US premiums fall for 12th straight quarter
NEW YORK (Bloomberg) — US property and casualty insurance sales dropped for the 12th straight quarter as employers scaled back coverage with the jobless rate near a quarter-century high.
Policy sales fell 1.3 percent to $105.1 billion in the three months ended March 31, the Property Casualty Insurers Association of America said yesterday in a statement. Until the slump began three years ago, quarterly sales had fallen only twice since 1987.
Manufacturers and builders have cut purchases of workers' compensation coverage while individuals pinched by the economic slump have reduced spending, weighing on sales at insurers including American International Group Inc., Travelers Cos. and State Farm Mutual Automobile Insurance Co. The jobless rate was 9.7 percent in each of the first three months of this year, compared with less than nine percent in the same period in 2009.

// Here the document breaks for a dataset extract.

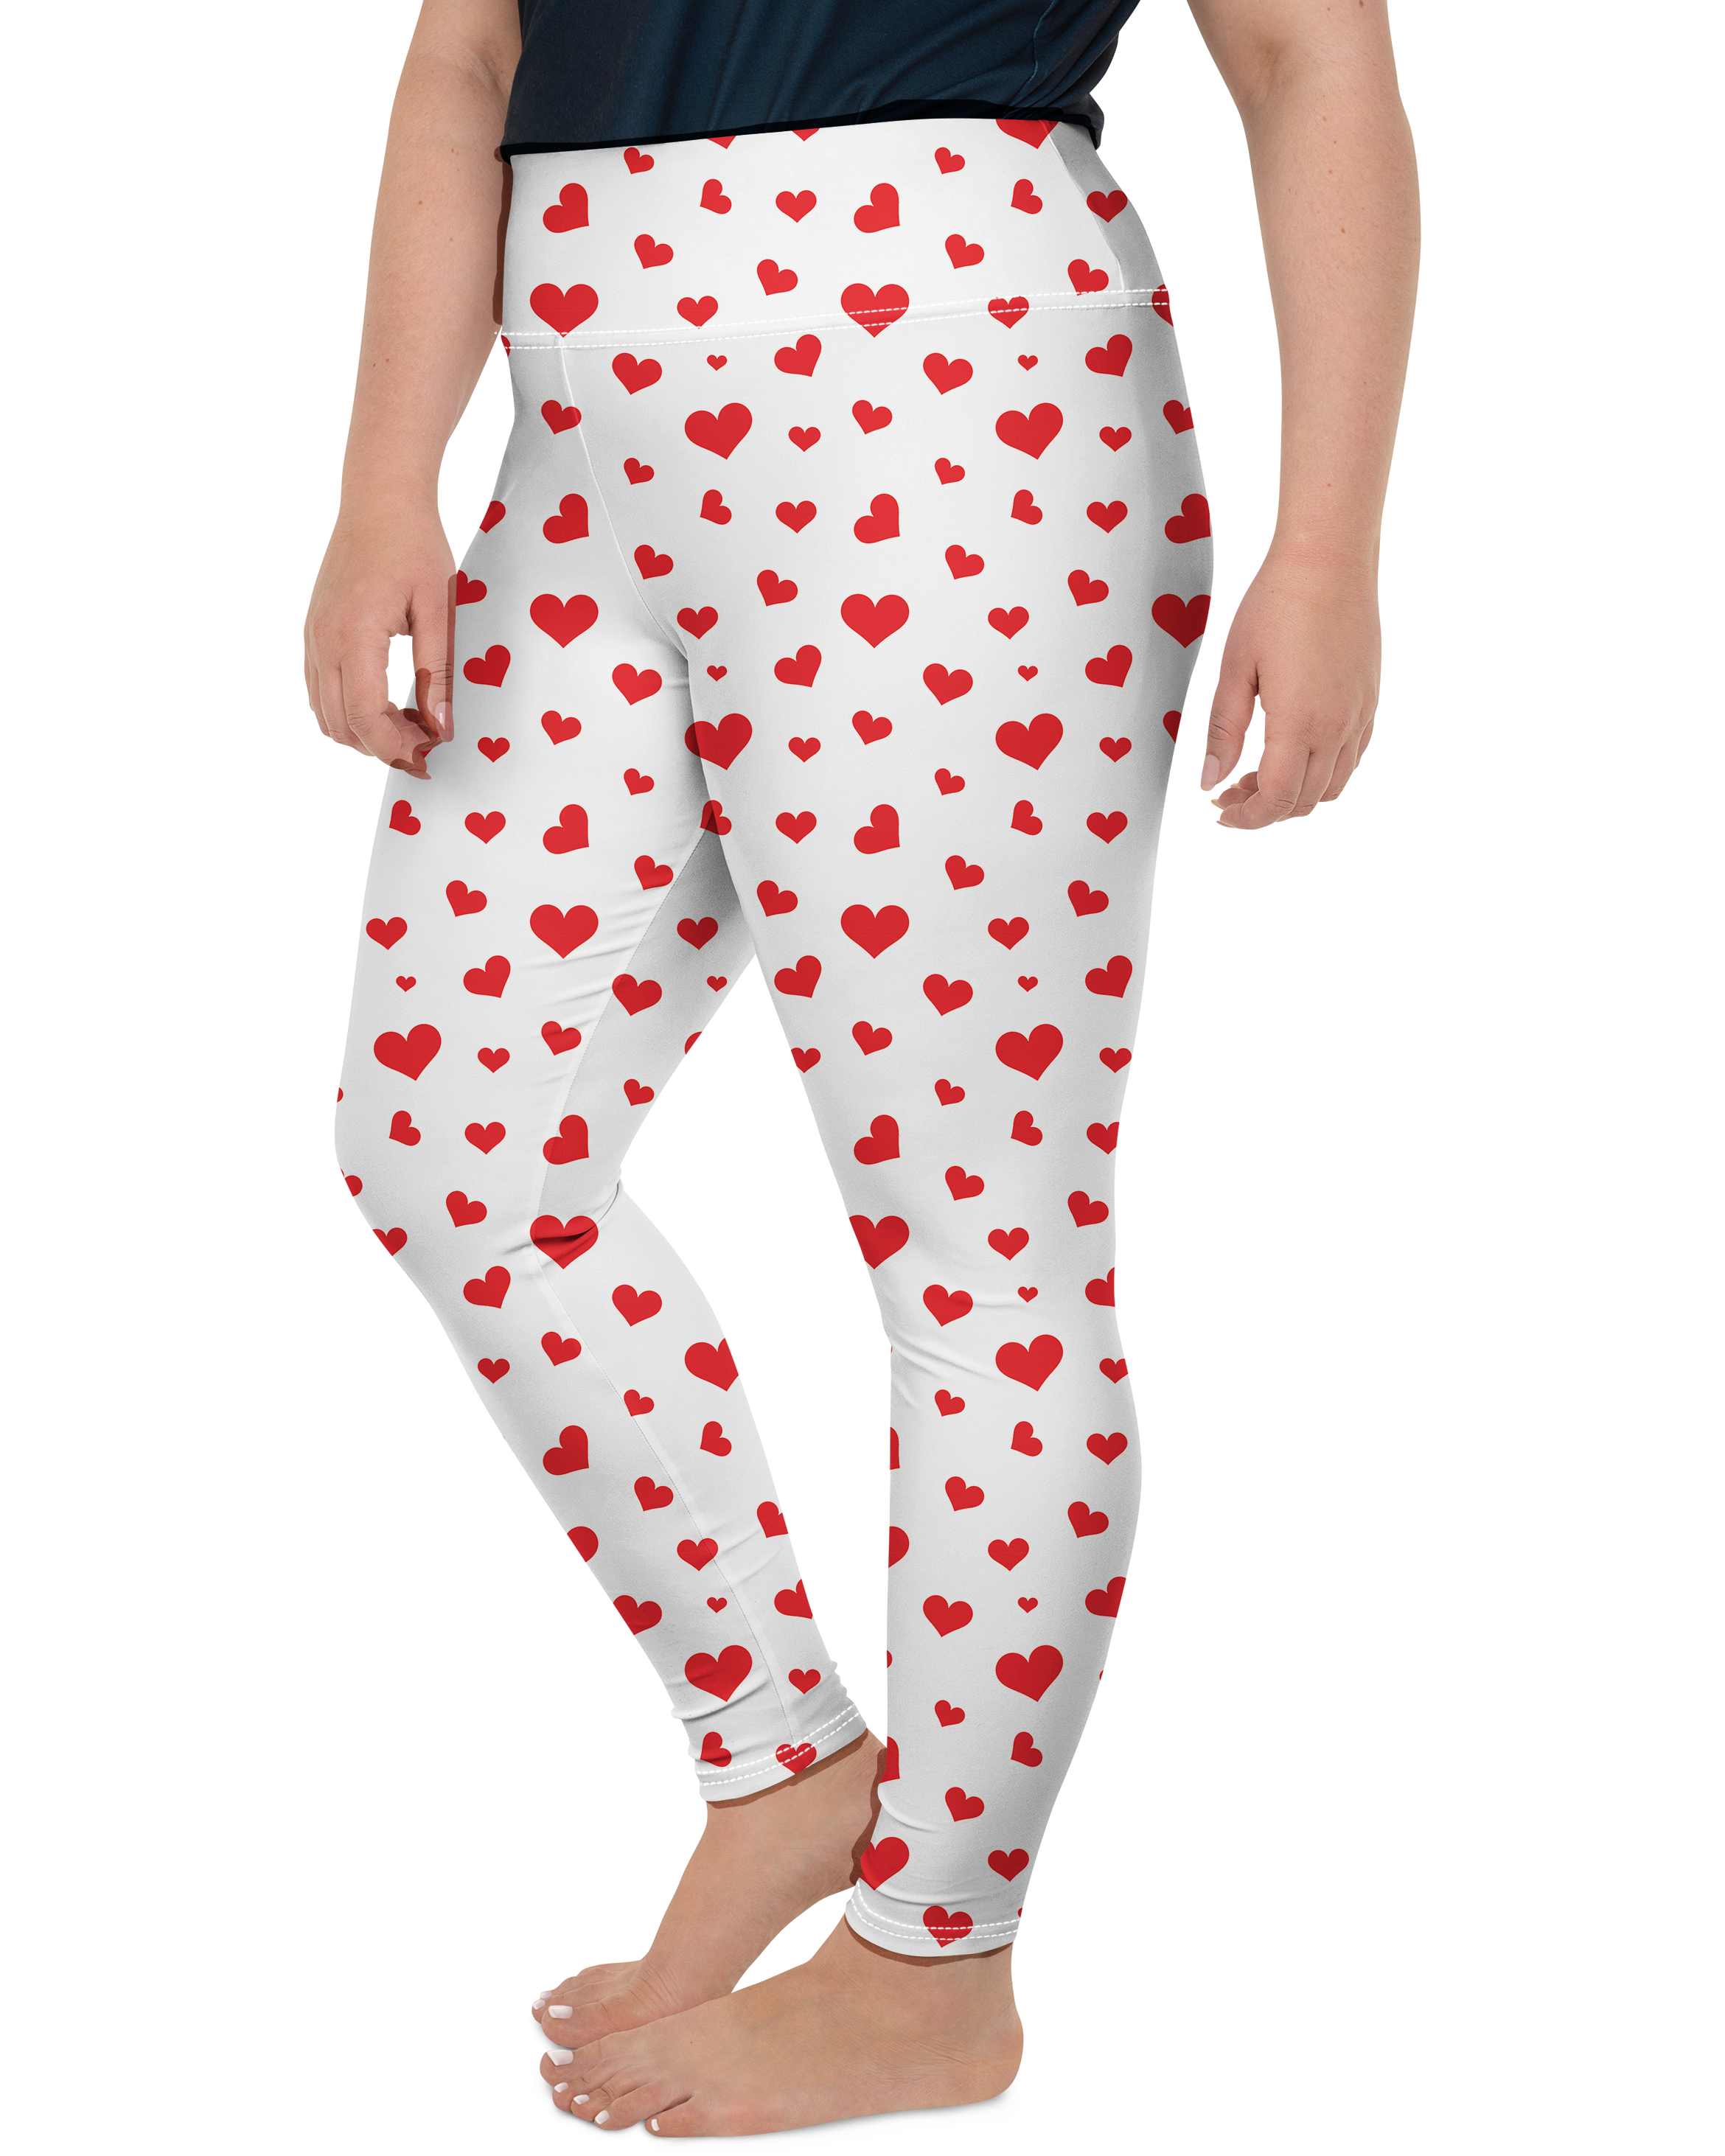 Red Hearts Plus Size Leggings

"The amount of insurance purchased is not coming back very fast," said Bruce Friedberg, chief actuary of Fireman's Fund Insurance Co., an Allianz SE unit, in an interview this month at Bloomberg headquarters in New York. "I don't view workers' compensation as a very kind place to be right now because of the combination of anaemic payroll growth and rates coming down."
Insurers have cut prices to win business in a declining market, adding to the pressure on revenue. US commercial insurance rates fell 5.3 percent in the three months ended March 31 and have declined in every quarter since 2004, according to a survey by the Council for Insurance Agents and Brokers, a Washington-based trade group. "There is basically too much capital in the markets because of the recession and the drop in insured values," said Richard Ward, chief executive officer of Lloyd's of London, in an interview.
"We have too much capacity and rates have fallen."
The housing slump has pressured sales to individuals for residential coverage.
The decline in written premiums "reflects the ongoing consequences of a once-in-a-generation economic storm," PCI president David Sampson said in the statement. "This challenging economic environment reduces demand for insurance."